--- RECORDED DATA ---

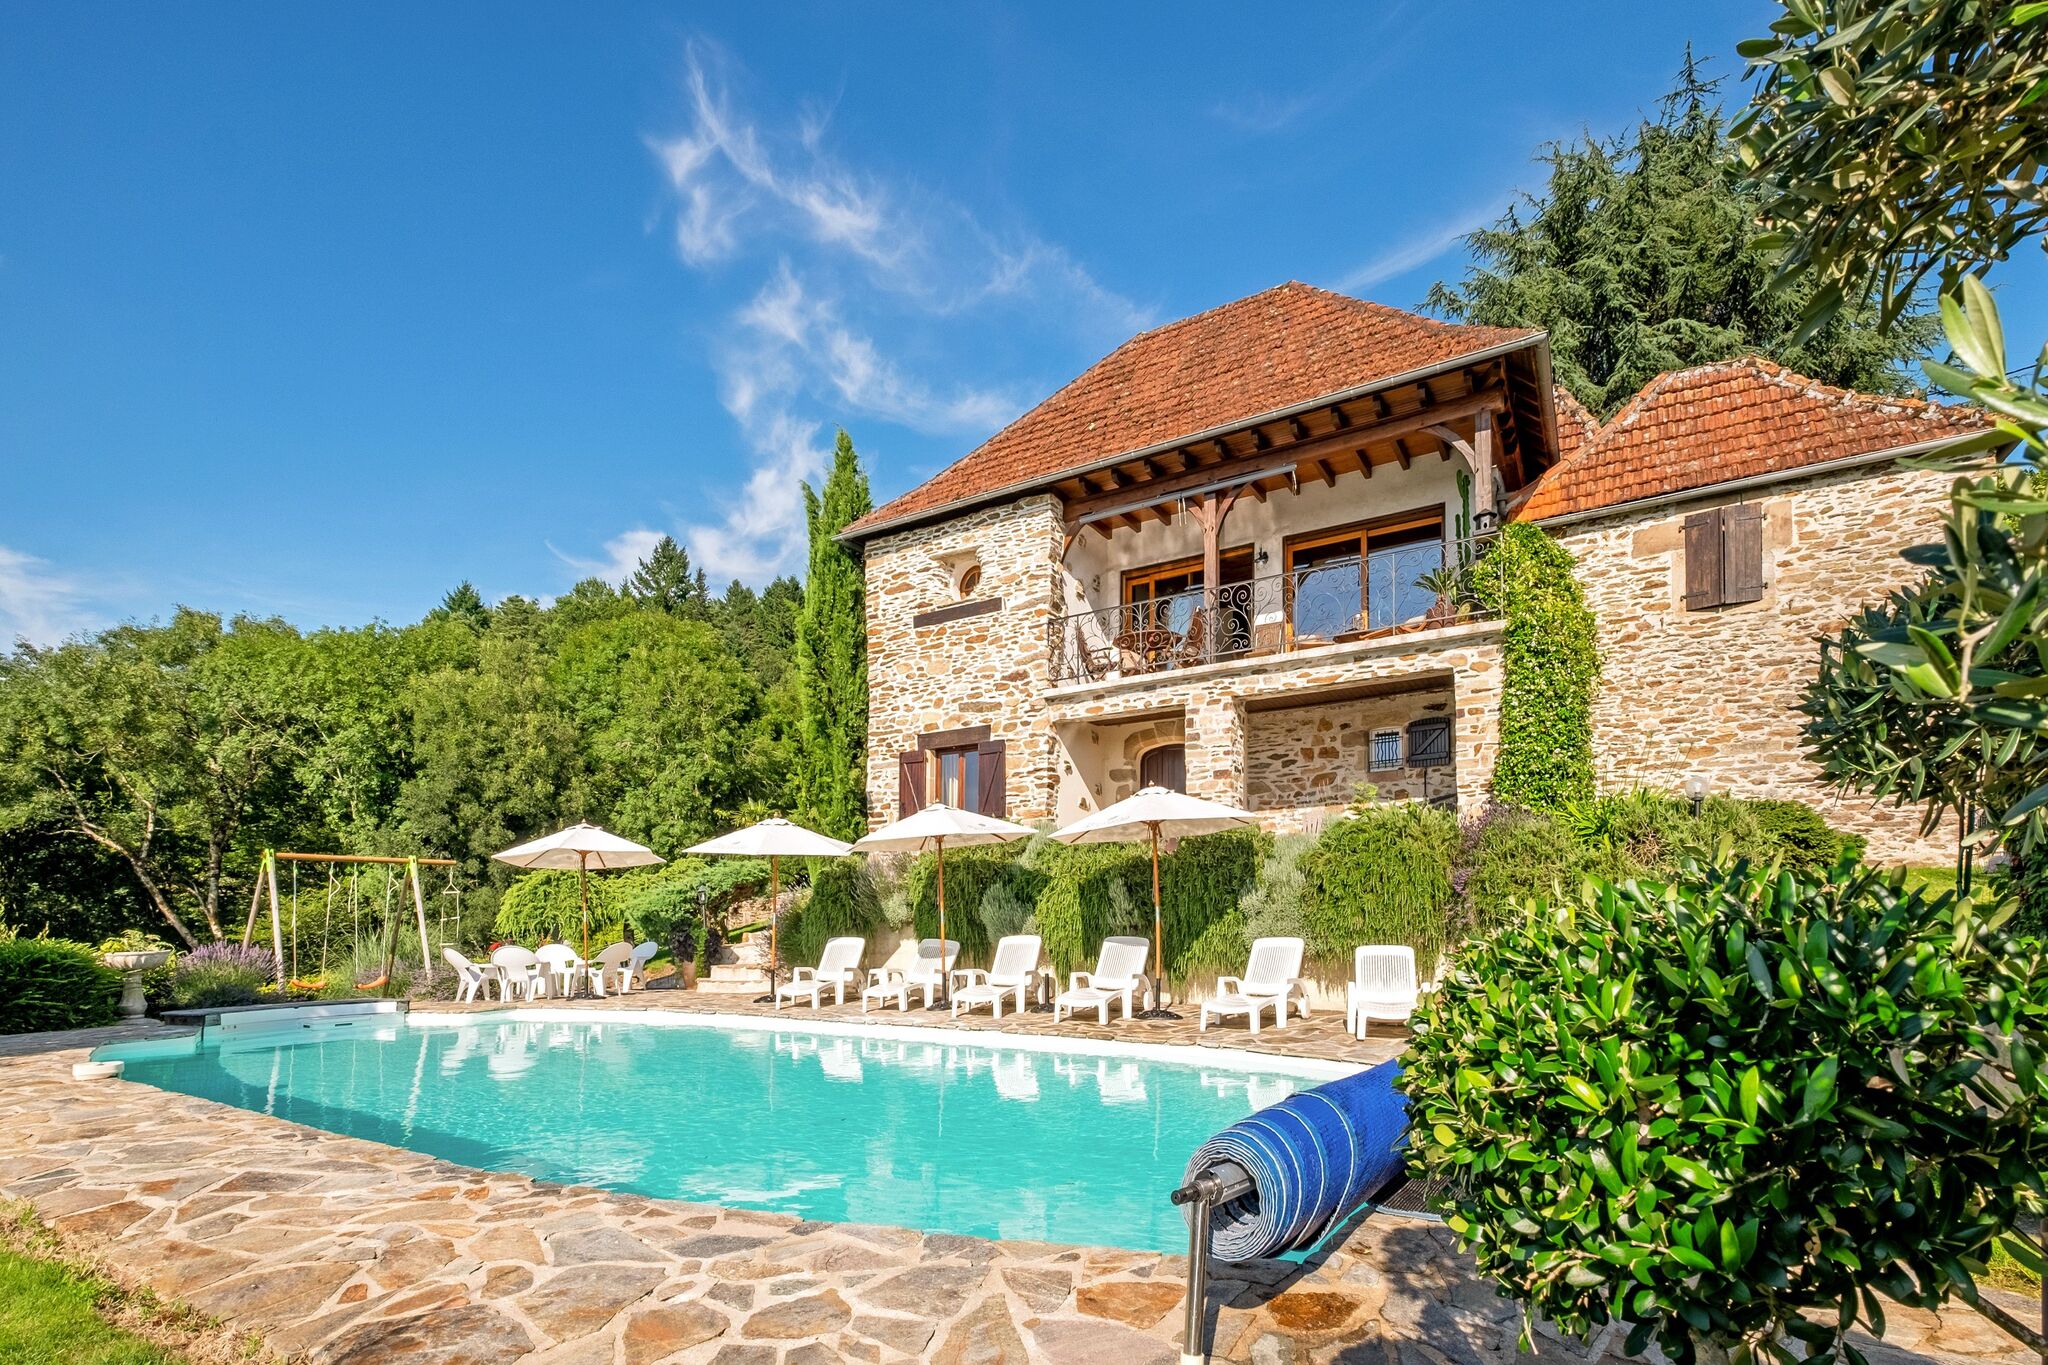 Plush holiday home in Altillac with a private swimming pool
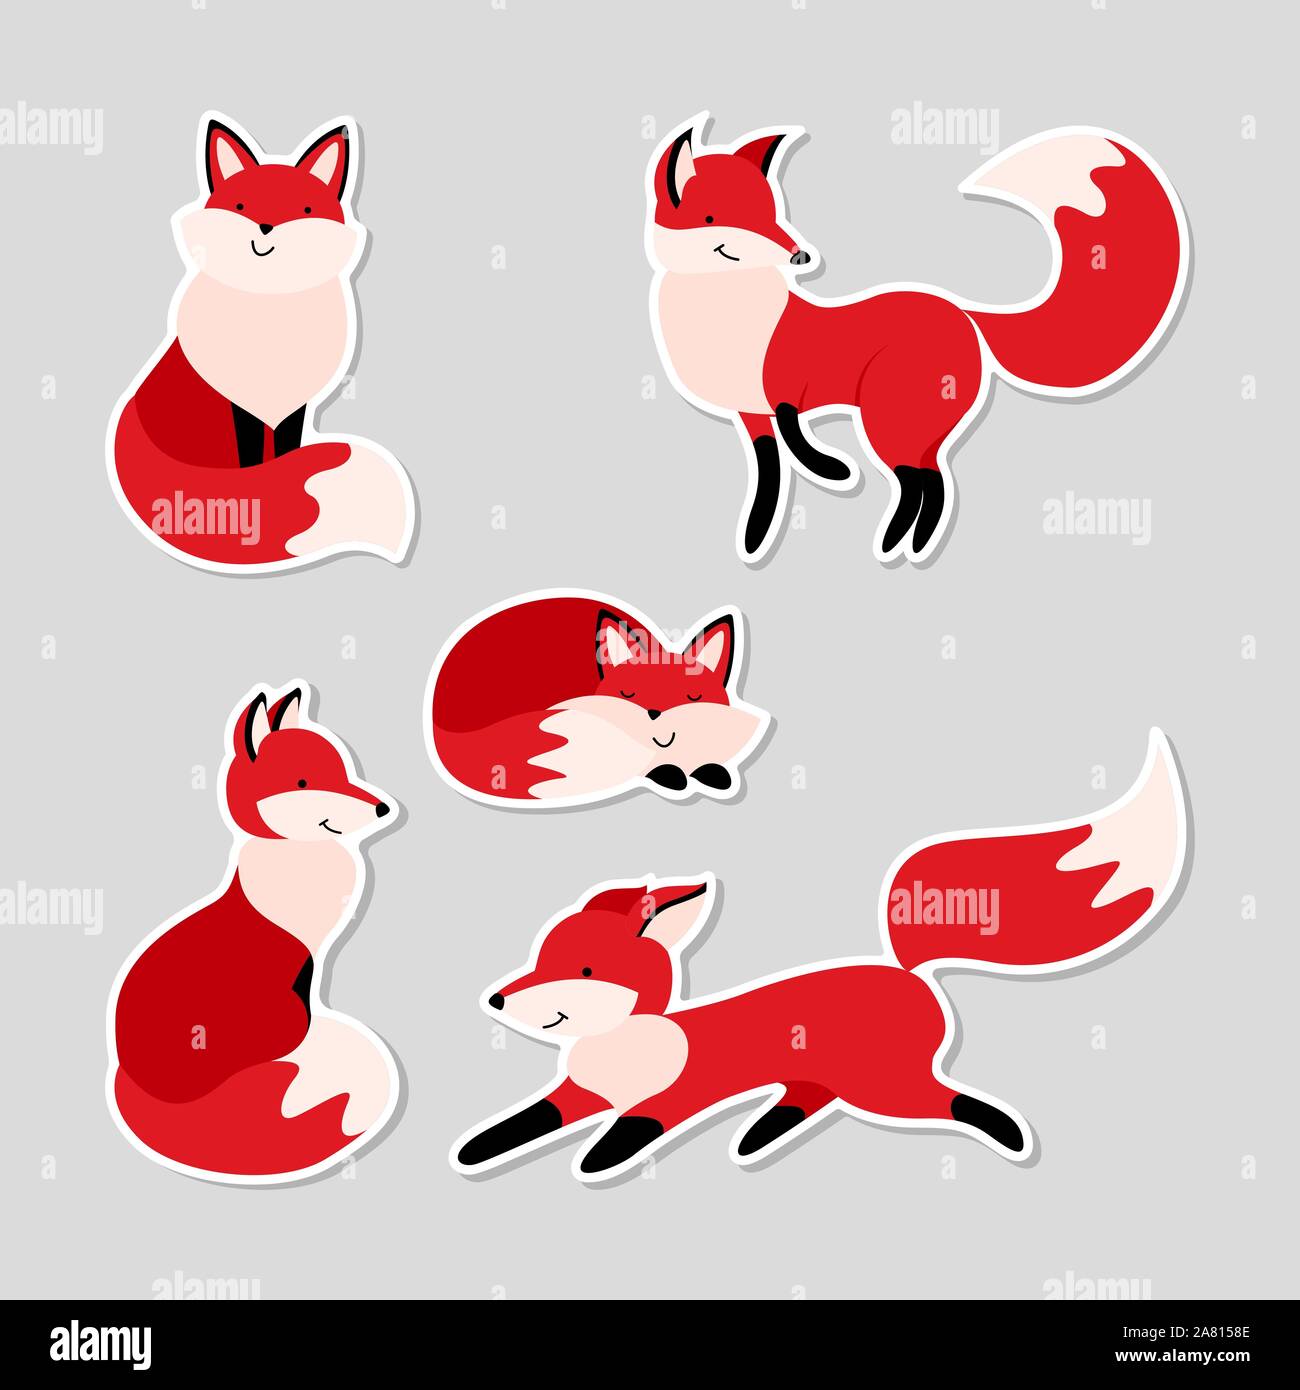 Set of stickers with cute cartoon foxes. Funny woodland animals in different situations. Flat vector illustration. Stock Vector
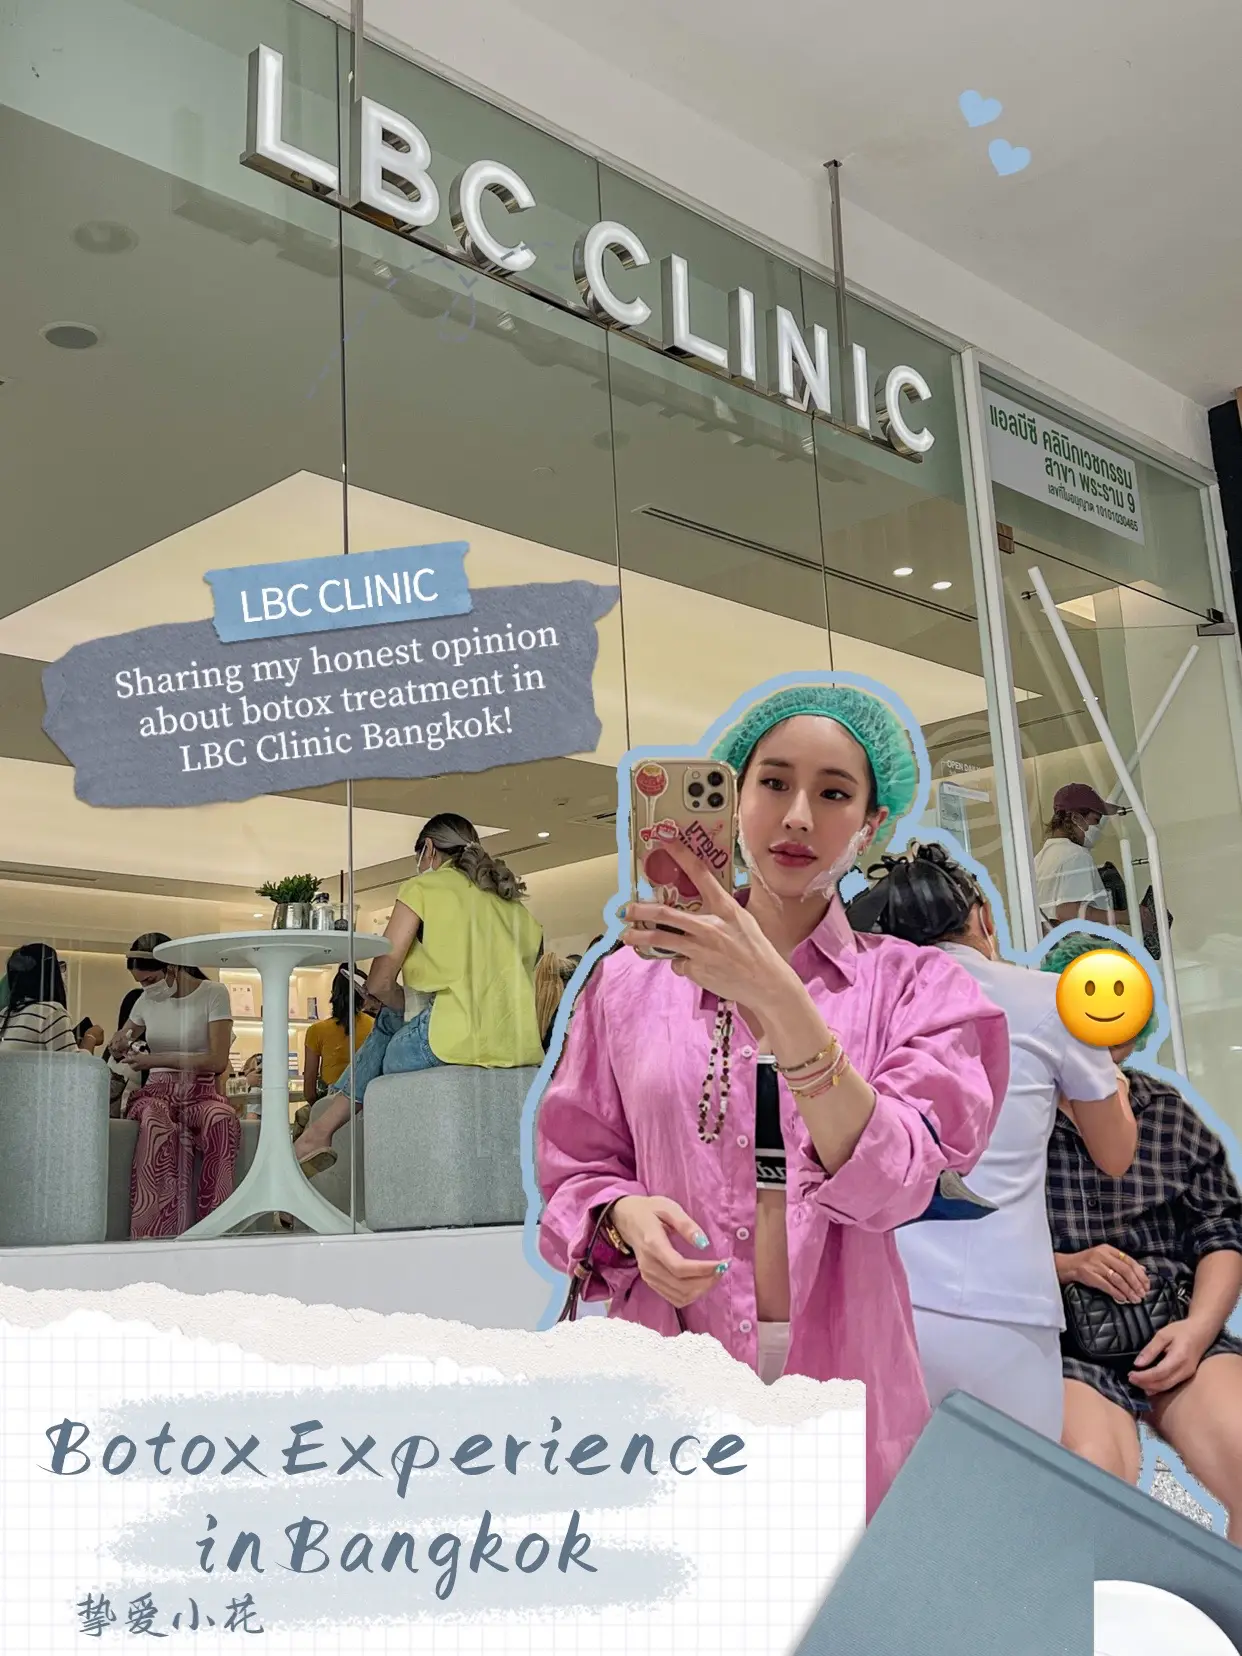 💉My Botox experience at LBC Clinic in Bangkok 🇹🇭's images(0)
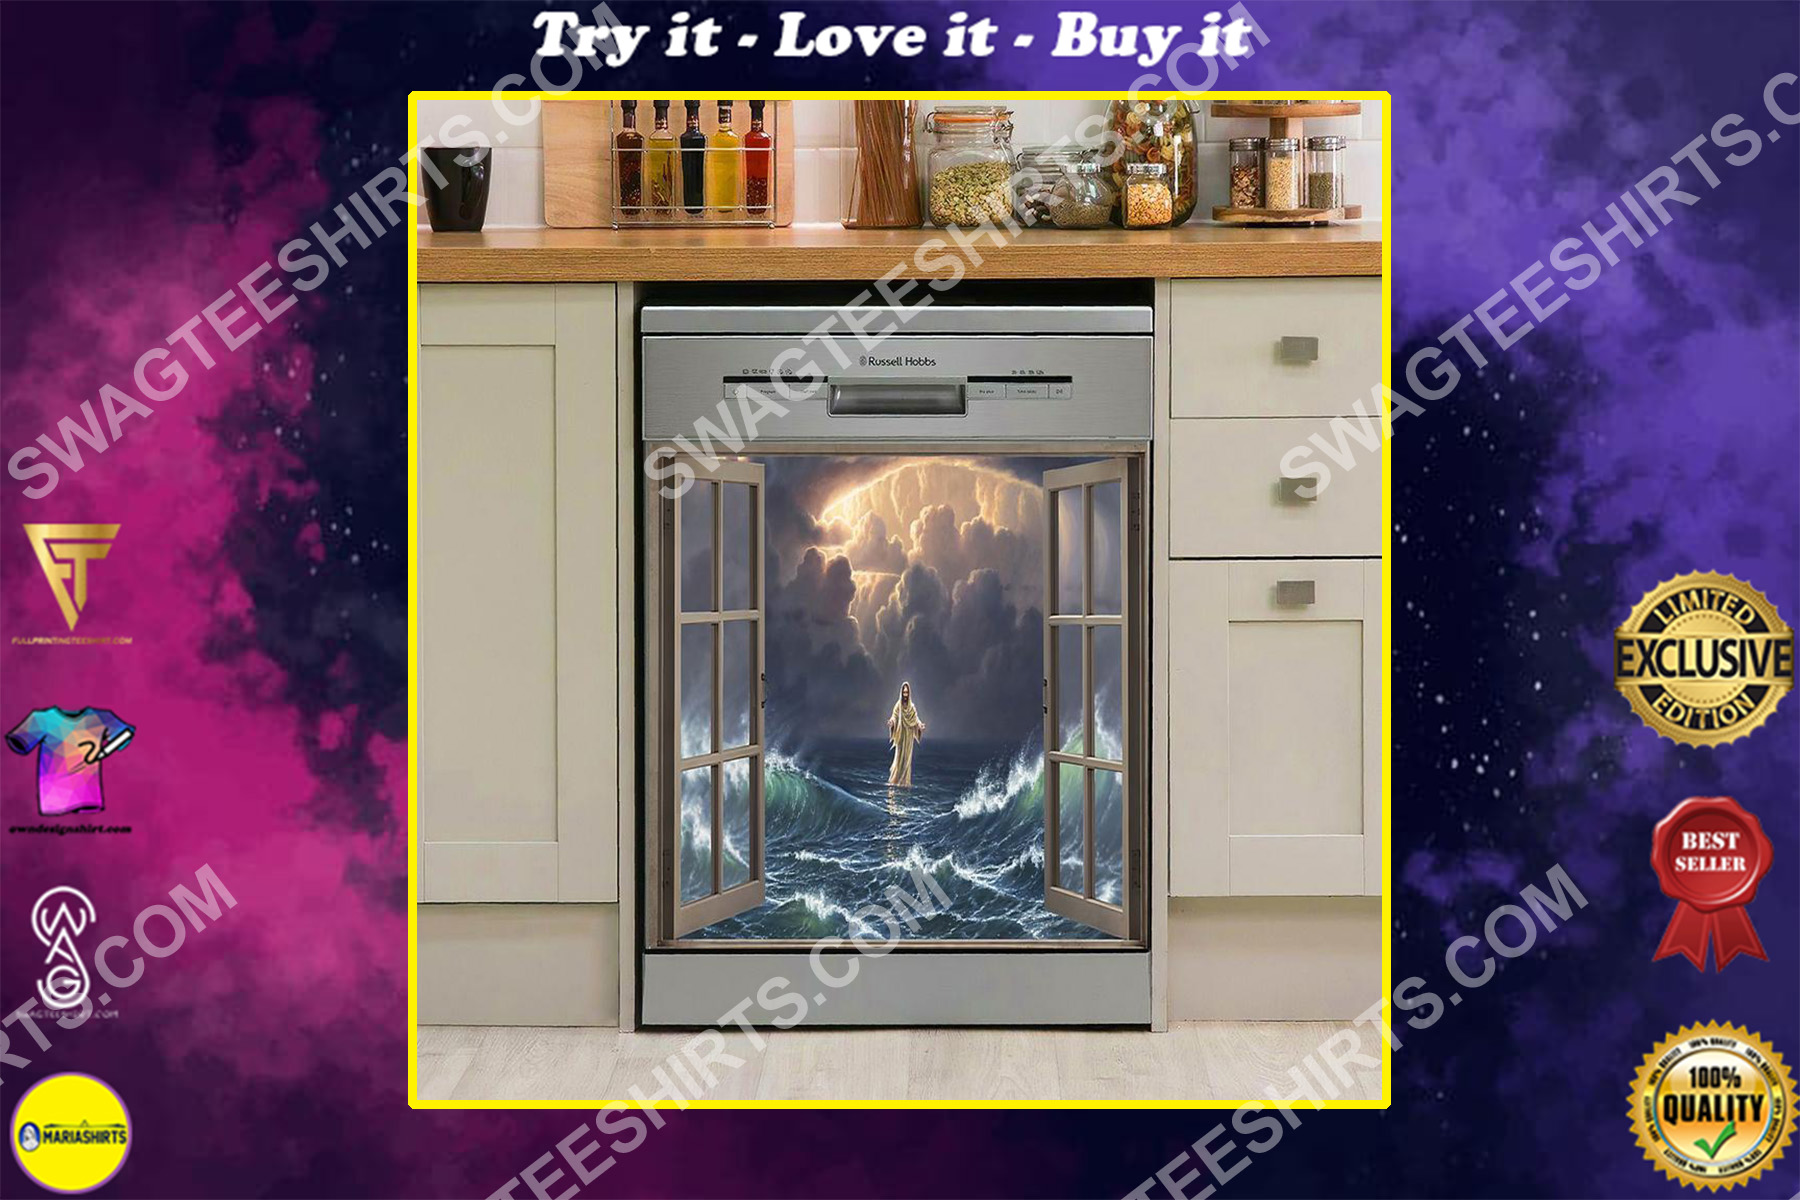 God walking on the water kitchen decorative dishwasher magnet cover

---

WORK ITEM: Output the material word for word. Pictures do not go in.

RESPONSE:
 Plush holiday home in Altillac with a private swimming pool
 Set of stickers with cute cartoon foxes. Funny woodland animals in different situations. Flat vector illustration. Stock Vector
 💉My Botox experience at LBC Clinic in Bangkok 🇹🇭's images(0)
 God walking on the water kitchen decorative dishwasher magnet cover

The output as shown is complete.